Er schaut mich an und grummelt. Krammt in seiner Brieftasche.
       "Hier.....", und hält mir eine Ausweis unter die Nase, der ihn als einen Finanzbeamten ausweist.
Ich schaue mir den Ausweis an. Nicke zustimmend.

       "Wir haben einen Durchsuchungsbeschluss. Wir gehen da jetzt rein.", sagt er. "Wissen Sie ob das Motorad da drin steht?"
"Keine Ahnung.
Natürlich steht da das Motorad drin. Da steht auch mehr als ein Motorad drin. Und noch eine ganze Menge anderer Sachen. Inklusive Pferdefutter und größere Mengen an Hundefutter.
       "Wissen Sie, ob jemand zu dem Gebäude einen Schlüssel hat?" Er schaut mich an. "So als Nachbar."
"Weiß ich nicht." Natürlich habe ich einen Schlüssel. Ich gehe da jeden Tag ein und aus. Weil ich die Katze versorge. Wüsste nicht, dass ich zu irgendetwas verpflichtet wäre.
       "Wissen Sie wo die sind?"
Ich schaue ihn an.
       "Oder wo man die erreichen kann."
"Aber natürlich. Geben Sie mir 5 Minuten. Ich versuche meine Nachbarn zu erreichen."
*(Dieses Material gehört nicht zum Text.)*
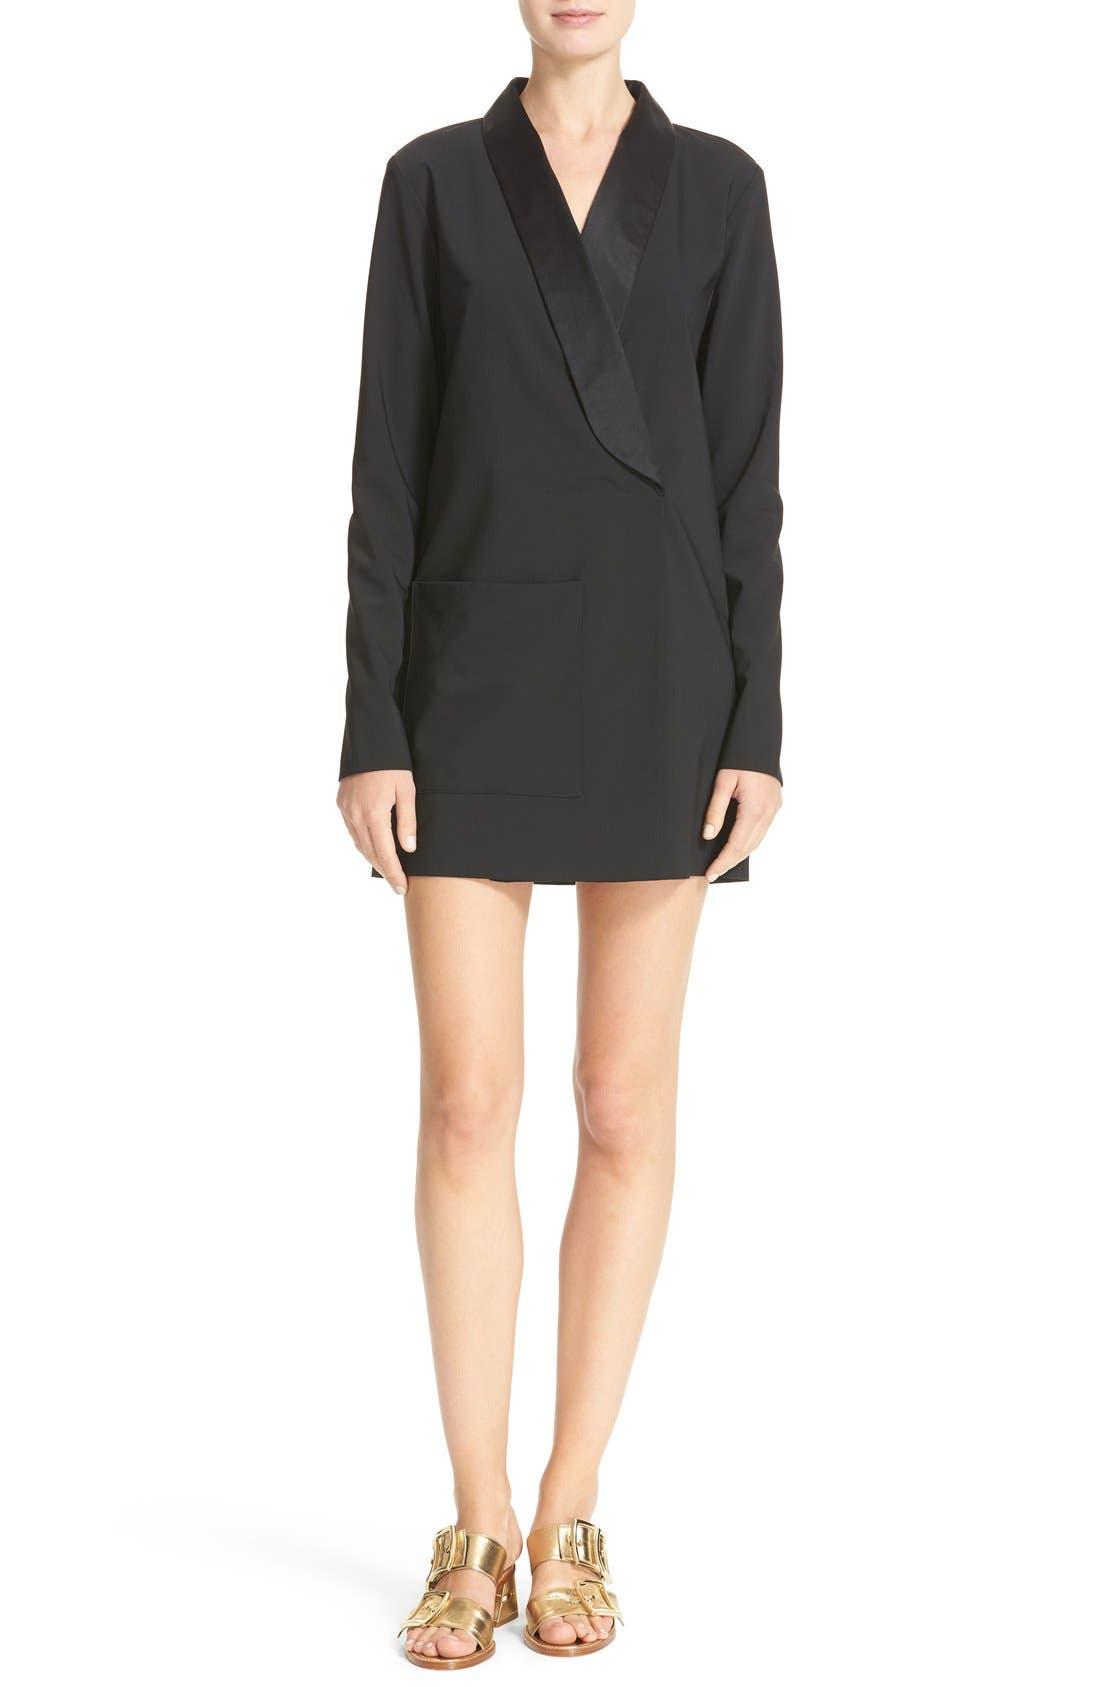 Alternate Image 1 Selected - Tibi Satin Lapel Tuxedo Dress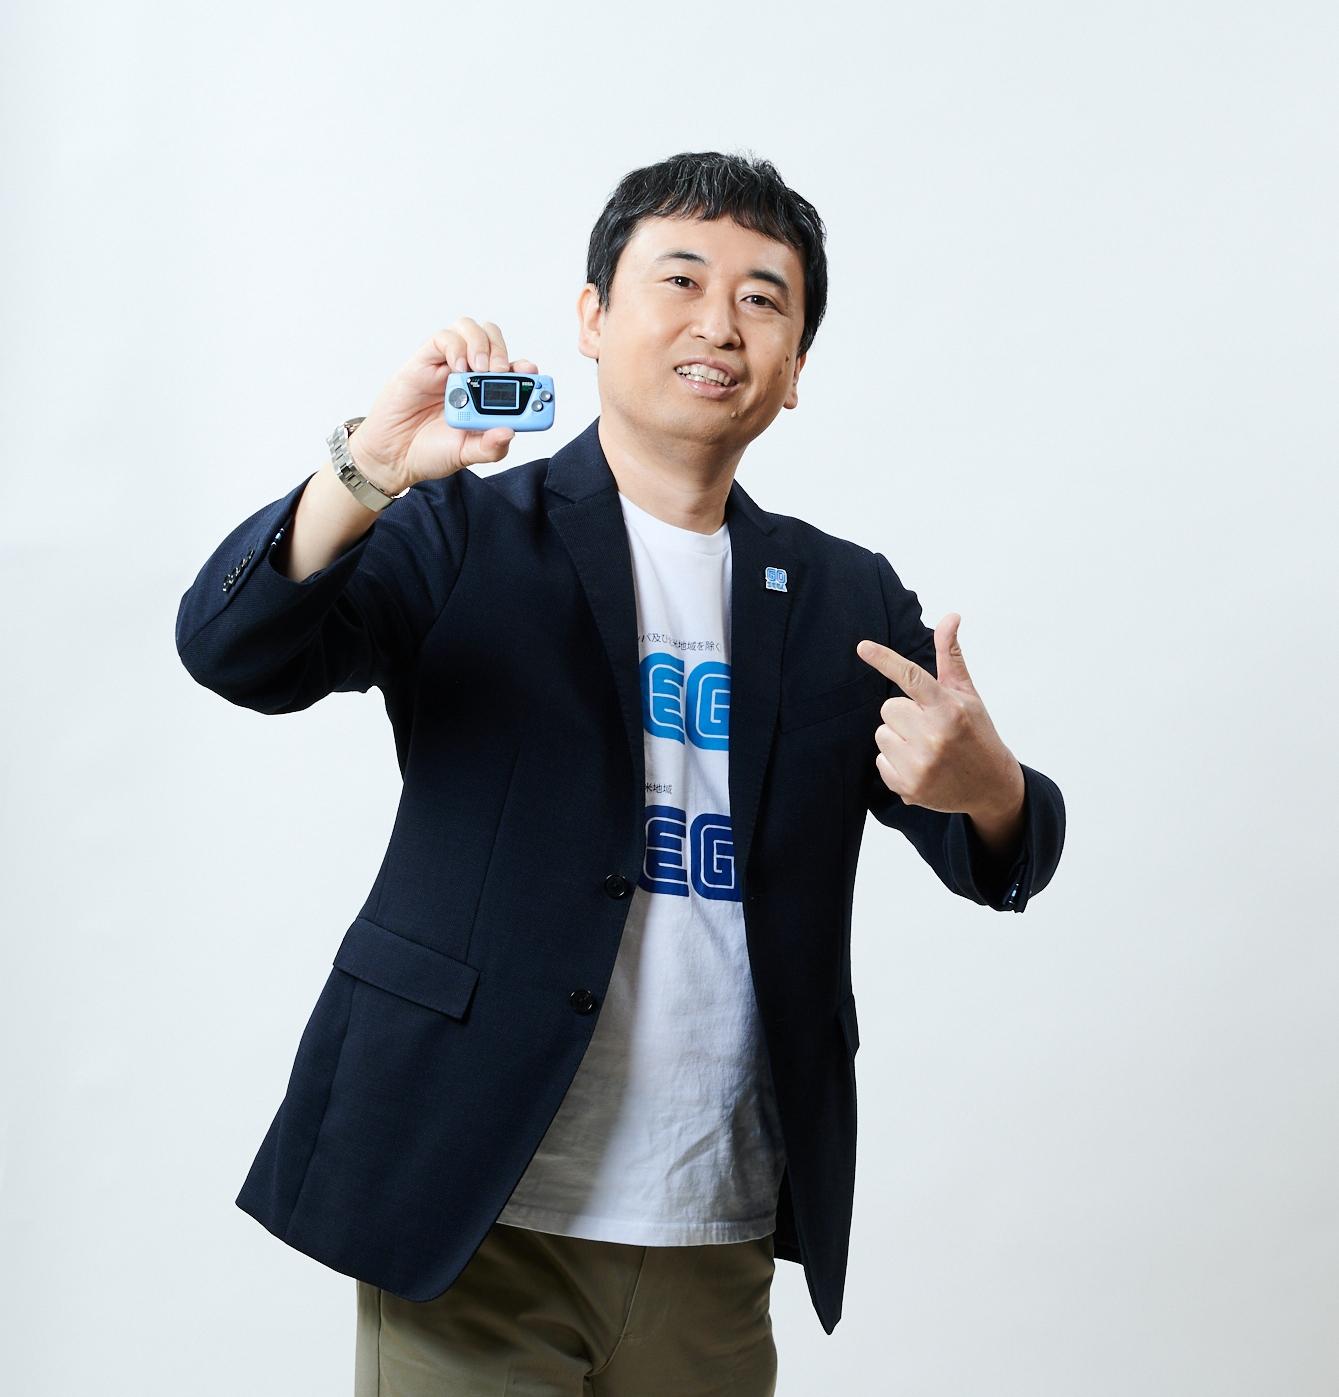 セガの奥成洋輔氏(社歴:27年)

Ich drehe mich um und gehe mein Haus. Rufe meinen Freund und Nachbarn an. Ich lande direkt auf dem AB. Dann seine Frau. Habe sie beim Schlafen auf dem Beifahrersitz wach gemacht. Sie sind noch irgendwo am anderen Ende von Deutschland. Sie ist absolut überfahren. Reicht mich an ihren Mann weiter. Mit ein paar kurzen Sätzen beschreibe ich, was los ist.
Dann verlasse ich das aus und drücke dem Finanzbeamten mein Telefon in die Hand. Die Pisspott-Frisur schaut mich an. Ich mag die örtliche Finanzverawaltung nicht. Die kennen in der Regel ihre eigen Gesetze und Richtlinien nicht. Die ersten vier Jahre in NRW habe ich jedesmal Stress mit denen gehabt. Immer haben bei der Steuer etwas raus gestrichen, was sie am Ende wieder korrigieren mussten, weil die Gesetzteslage es dann auf einmal doch hergab. Vollidioten.

Der Finanzheini gibt mir mein Telefon zurück. Er scheint mit meinen Nachbarn eine Einigung erzielt zu haben. Jedenfalls pfeifft er seinen Handwerker zurück.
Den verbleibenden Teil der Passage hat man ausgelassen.